完成にはもう少しアイデアが必要です
全方向に走れるバランスボールバイクが「一輪バイク」に進化【動画】

奇想天外な乗り物を考案しては実際に乗って見せるYouTuber、ジェームズ・ブルトン氏が、昨年初頭に製作したバランスボールバイクからボールをひとつ取り除き、一輪(一球)バイクに進化させた。
誰が望んだわけでもないこの進化を経ても、バランスボールバイクは人一人を乗せて、補助輪もなしに直立することができる。ひとつになってしまった球体は、最大2kWのモーターを搭載した3つの特注オムニホイールによって駆動されるようになっている。このオムニホイールを異なる速度と方向に回転させることにより、制御システムはボールを任意の方向に転がすことができ、これがバイクの進行と直立の維持する仕組みだ。
オムニホイールの球との接触面には18個のパッシブローラーが2列に並んでいる。3つのオムニホイールそれぞれに配置された駆動モーターは、基本的な三角法によってバランスを保つ。たとえばバイクが前方に直進する場合は、前方に60°開くような角度で配置されている2つのオムニホイールを、後ろに配置されるオムニホイールの半分の速度で駆動する。進行方向を変えれば、これら各オムニホイールの回転速度も比率に応じて変化するからくりだ。
また、ボールの上にシートやハンドル部分を維持する仕組みは、PIDコントローラーとIMU(慣性測定装置)を使って構築されている。IMUは、下方向を認識し、シートやハンドル部分が傾きすぎて転倒してしまわないように3つのモーターを適切に動かす。

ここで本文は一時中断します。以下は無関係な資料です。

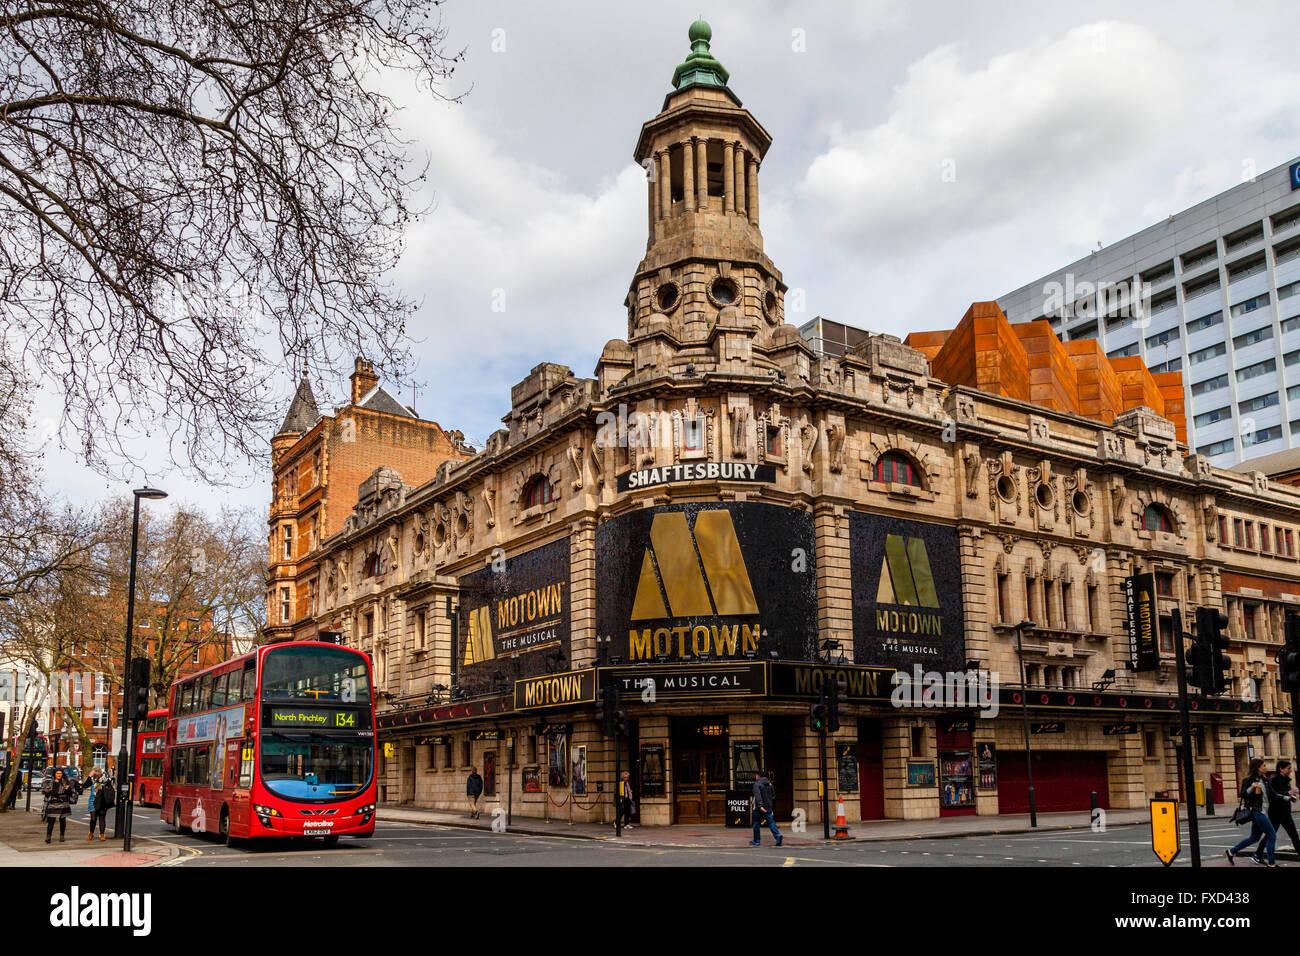 The Shaftesbury Theatre, Shaftesbury Avenue, London, England - Stock Image

二輪ボールバイクでは、方向転換は前後のボールをそれぞれ逆方向に動かせば向きを変えることができた。だが、この方法は一輪では使えない。ブルトン氏は、走行中に巨大なラケットのような、またはボートのオールのような器具を作り、それを使って空気を掻くようにして方向転換する方法を用意した。しかしこの方法は当面の策であり、もう少しスマートな方法を考える必要があるだろう。
もうひとつ、このボールバイクには未解決の問題がある。それは、プラスチック製のボールとゴム製のローラーの間で静電気が発生してしまうことだ。この静電気が、バイクに搭載されている電子制御システムに悪影響を及ぼし、突然処理が落ちてしまうのだ。実際、動画では走行中のブルトン氏の髪の毛が静電気によって逆立っているのがわかるだろう。
ブルトン氏は今後、まず方向転換の解決策を探すとしている。一輪ボールバイクのCADデータやソースコードなどはオープンソースとして公開されているので、もし良いアイデアとDIYのためのスキルや道具がある人は、ブルトン氏に先駆けてこの一輪ボールバイクを完成させてみてはどうだろうか。